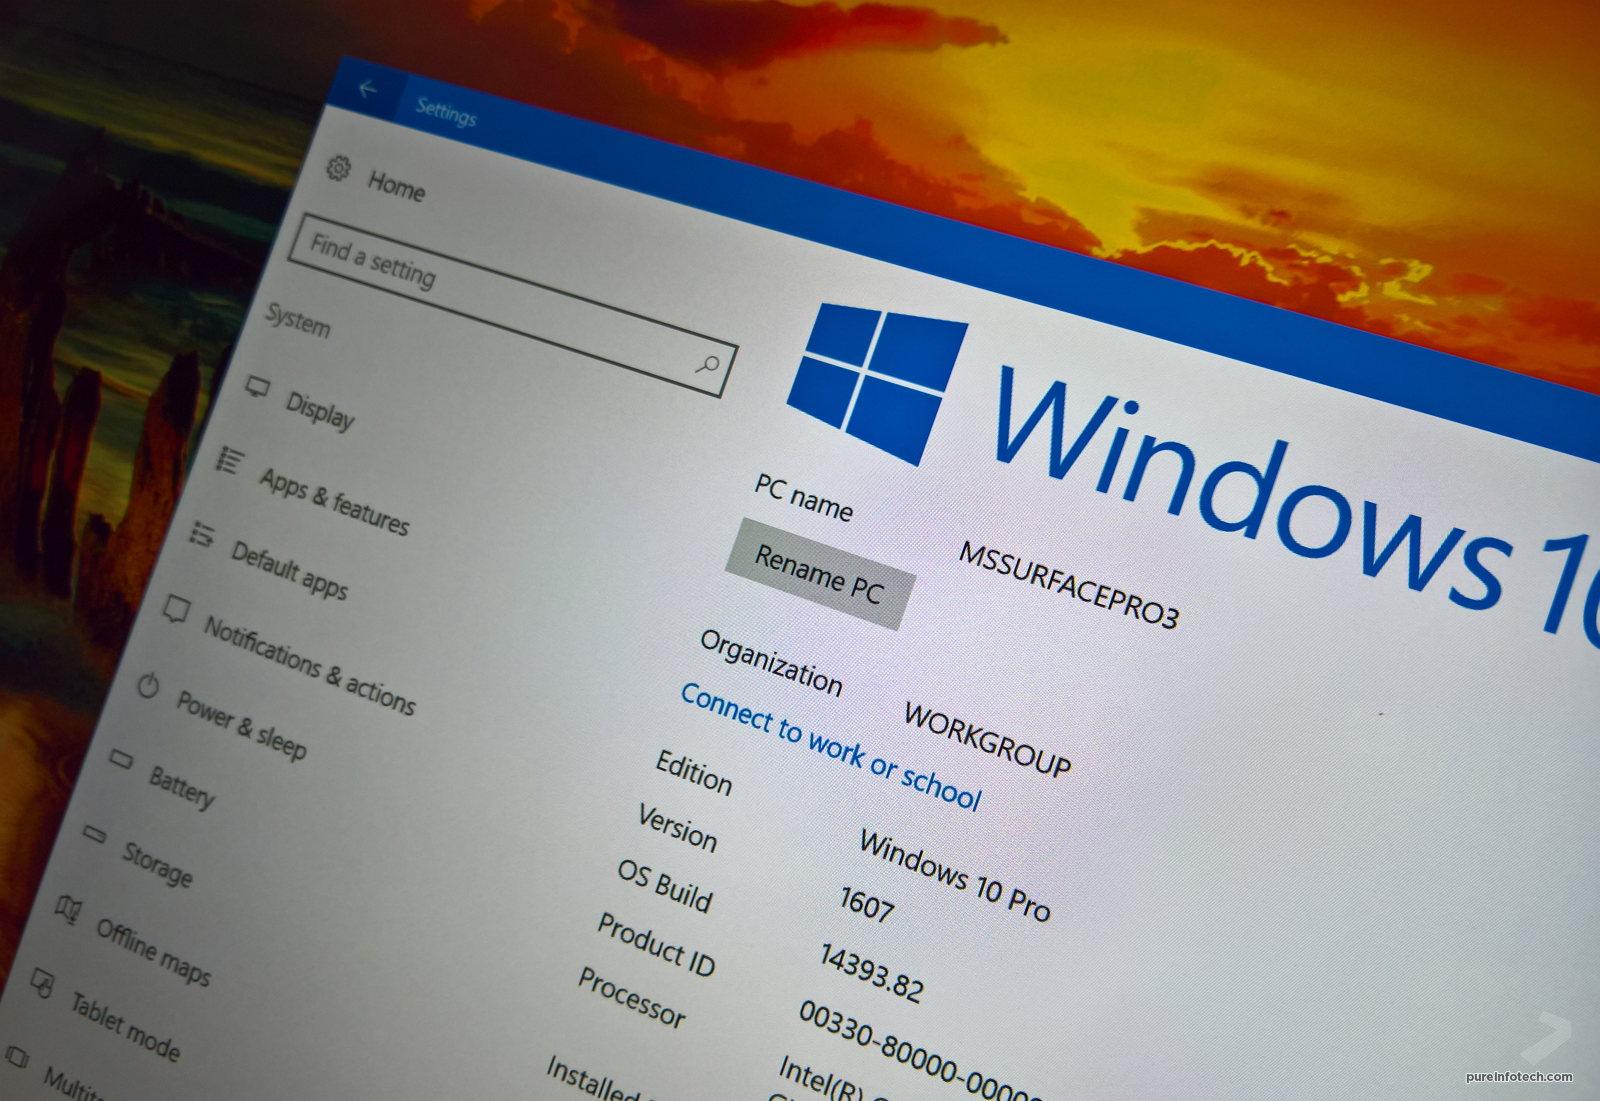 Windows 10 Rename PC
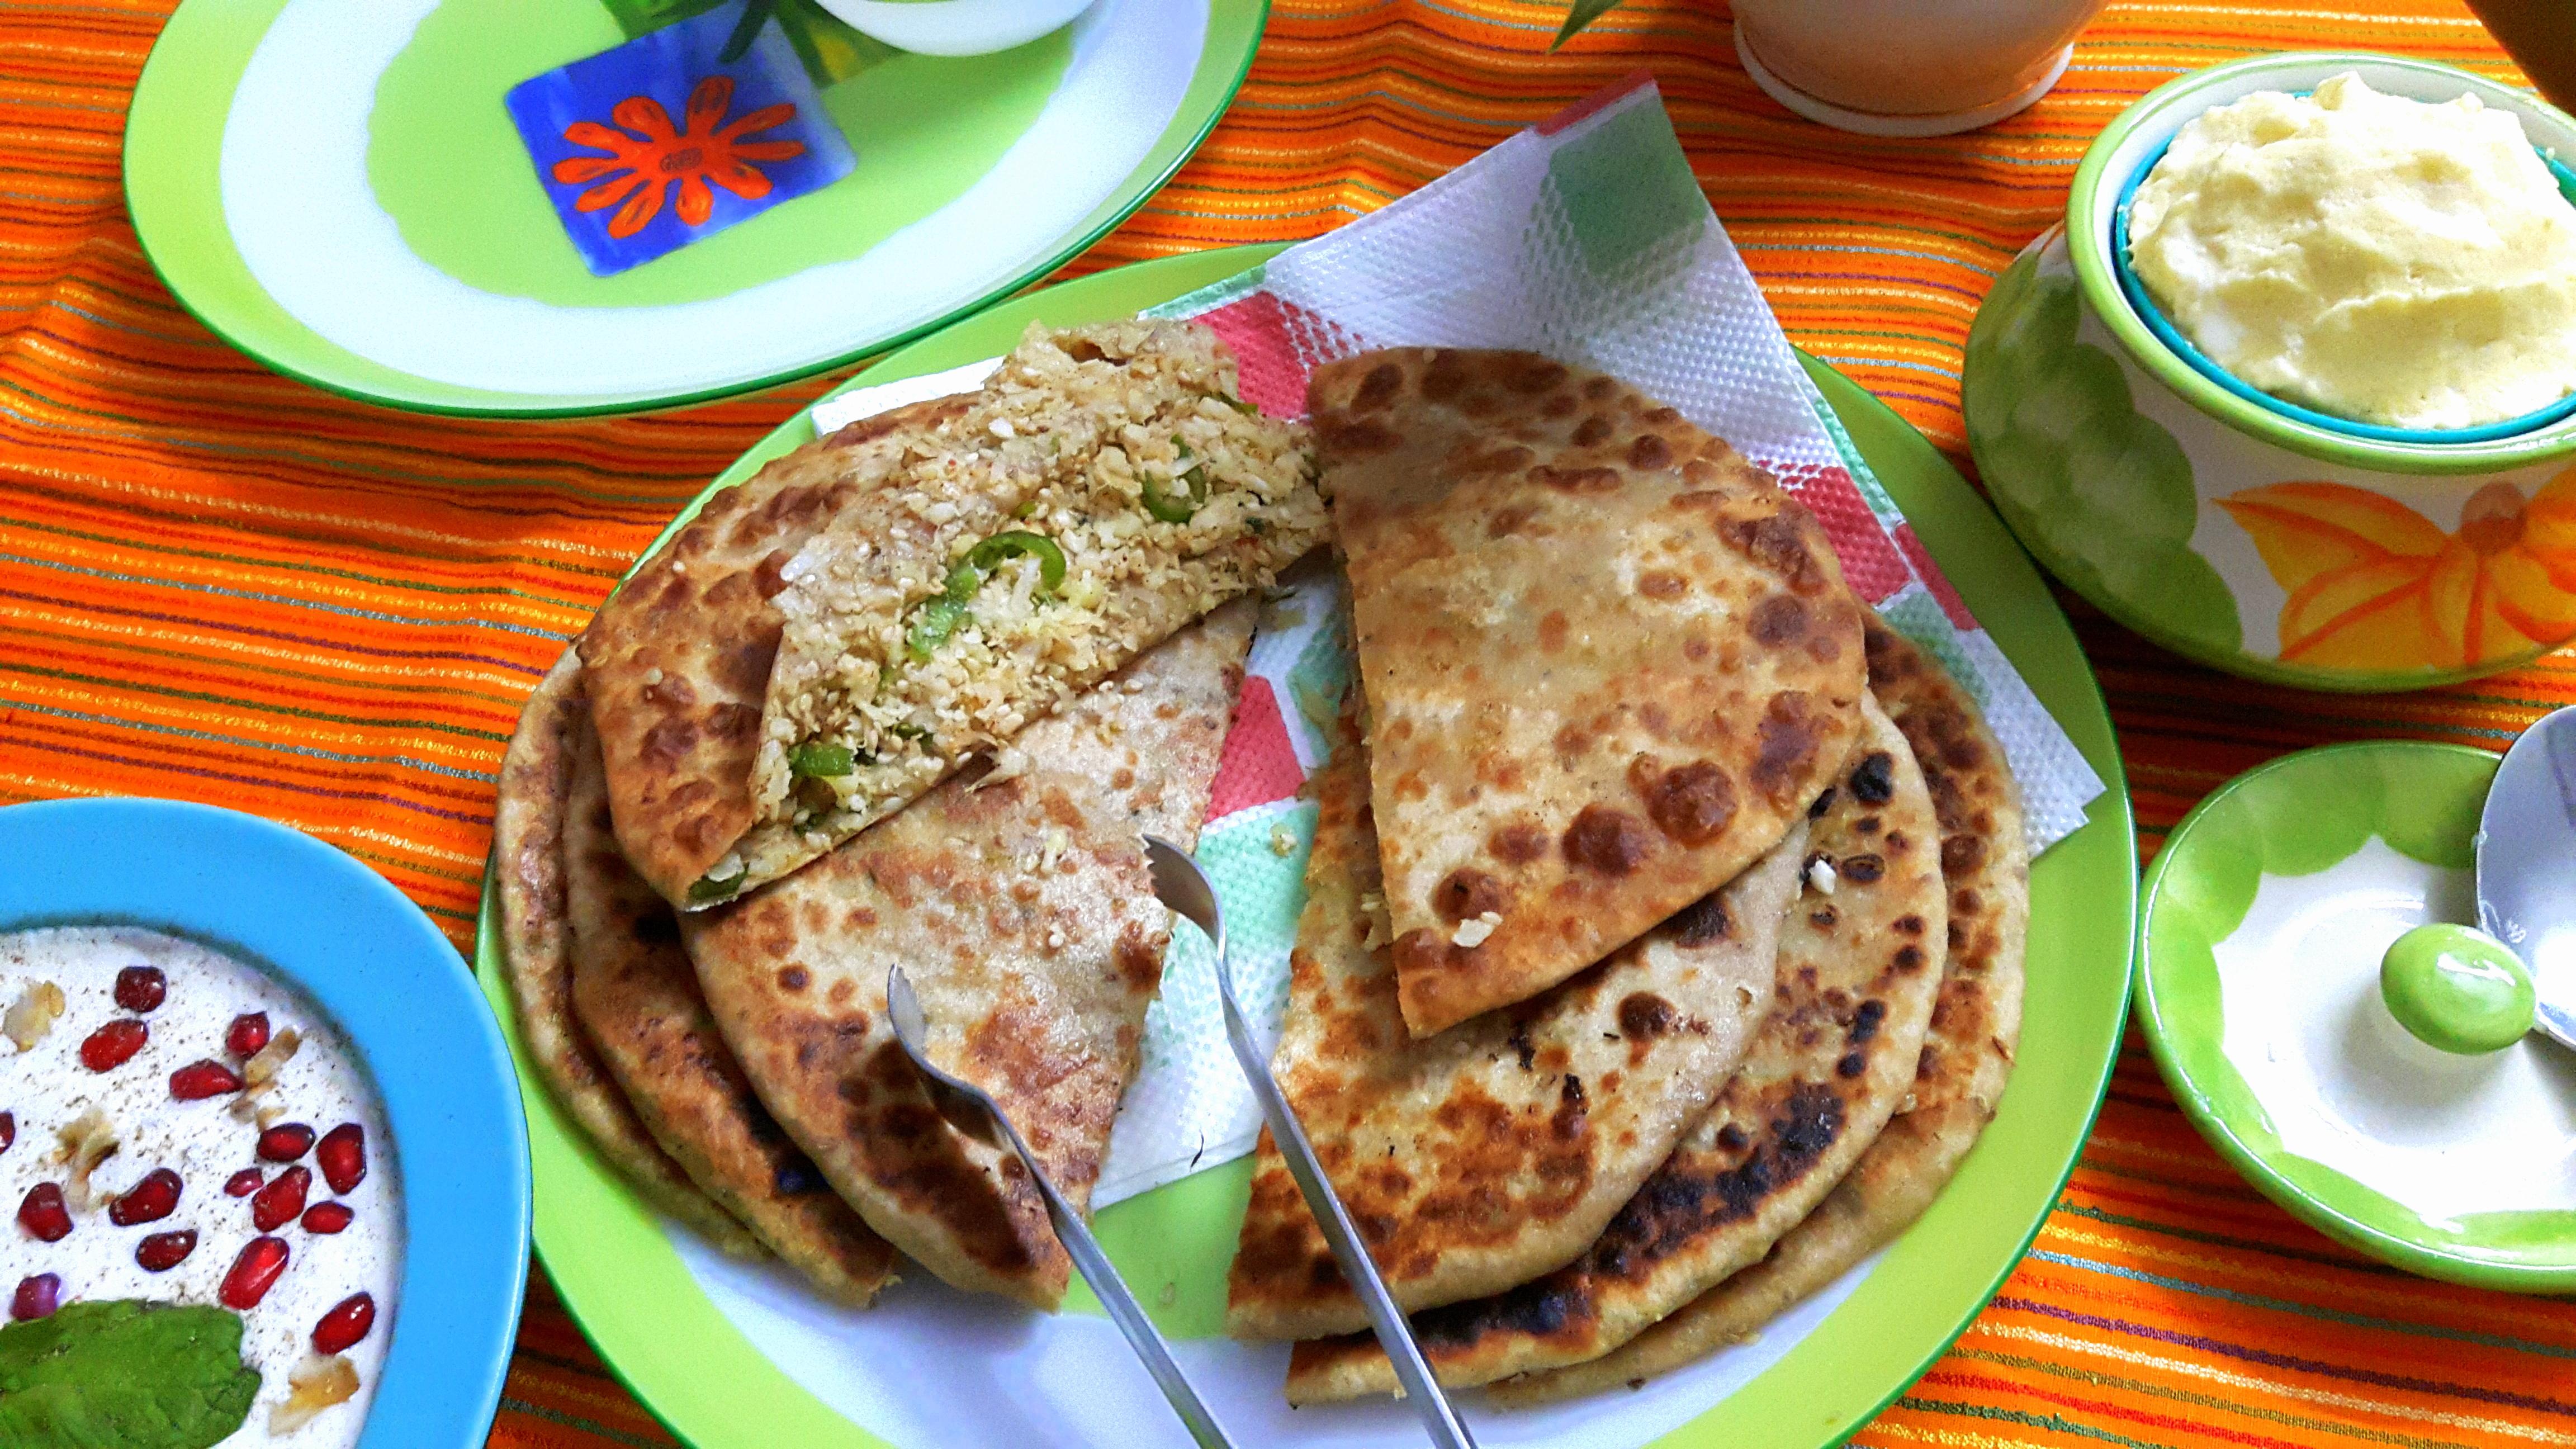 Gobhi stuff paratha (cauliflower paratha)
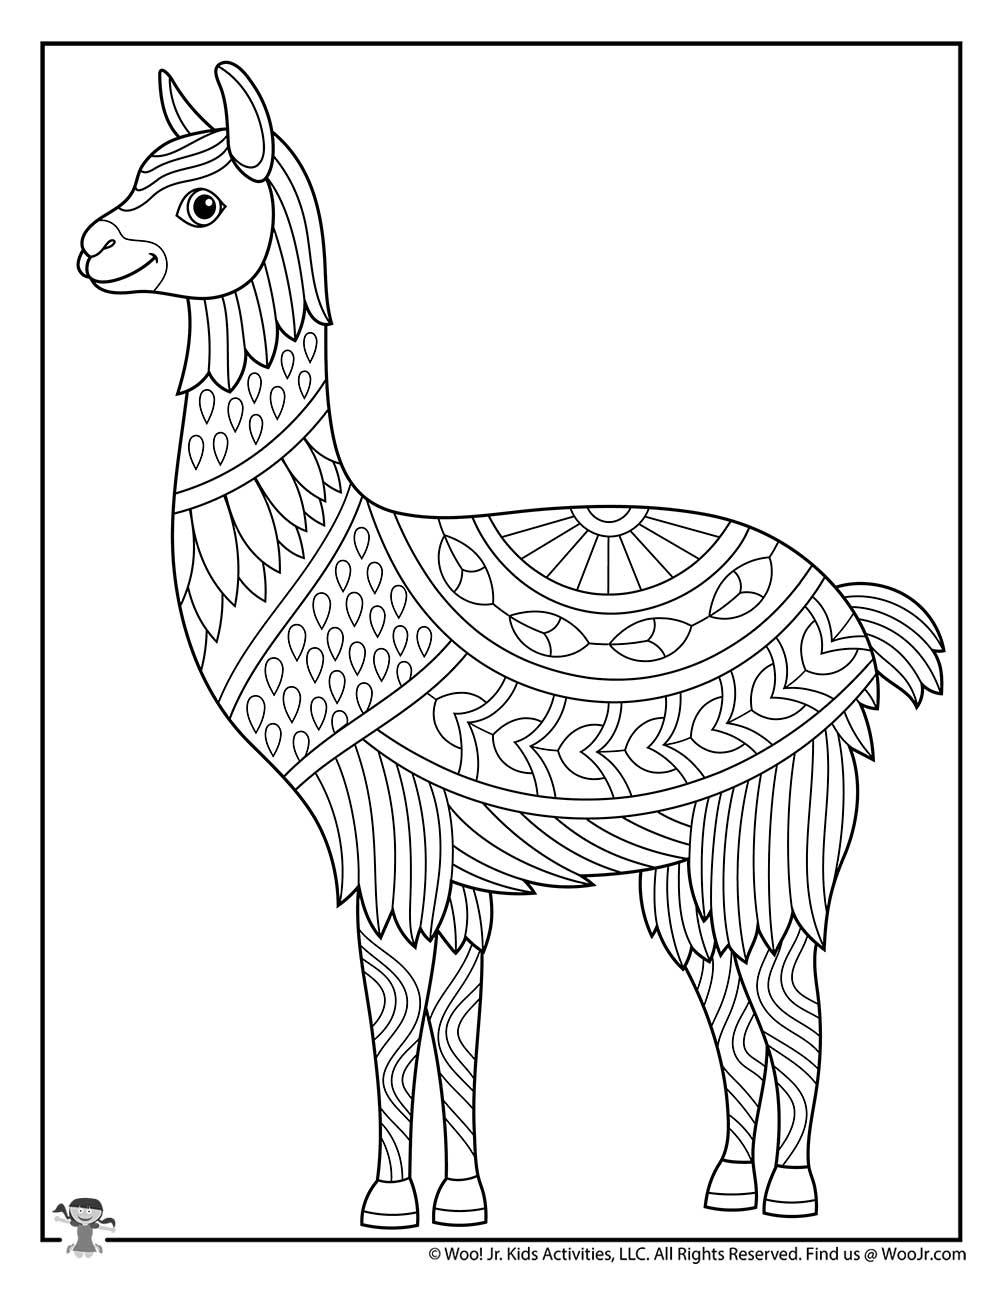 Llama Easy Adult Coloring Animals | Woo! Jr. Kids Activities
━━━━━━━━━━━━━━━━━━━━
EXERCISE OBJECTIVE
The pictures are not wanted, but every line of the listing should be duplicated exactly.

SOLUTION
 Windows 10 Rename PC
 Gobhi stuff paratha (cauliflower paratha)
 Llama Easy Adult Coloring Animals | Woo! Jr. Kids Activities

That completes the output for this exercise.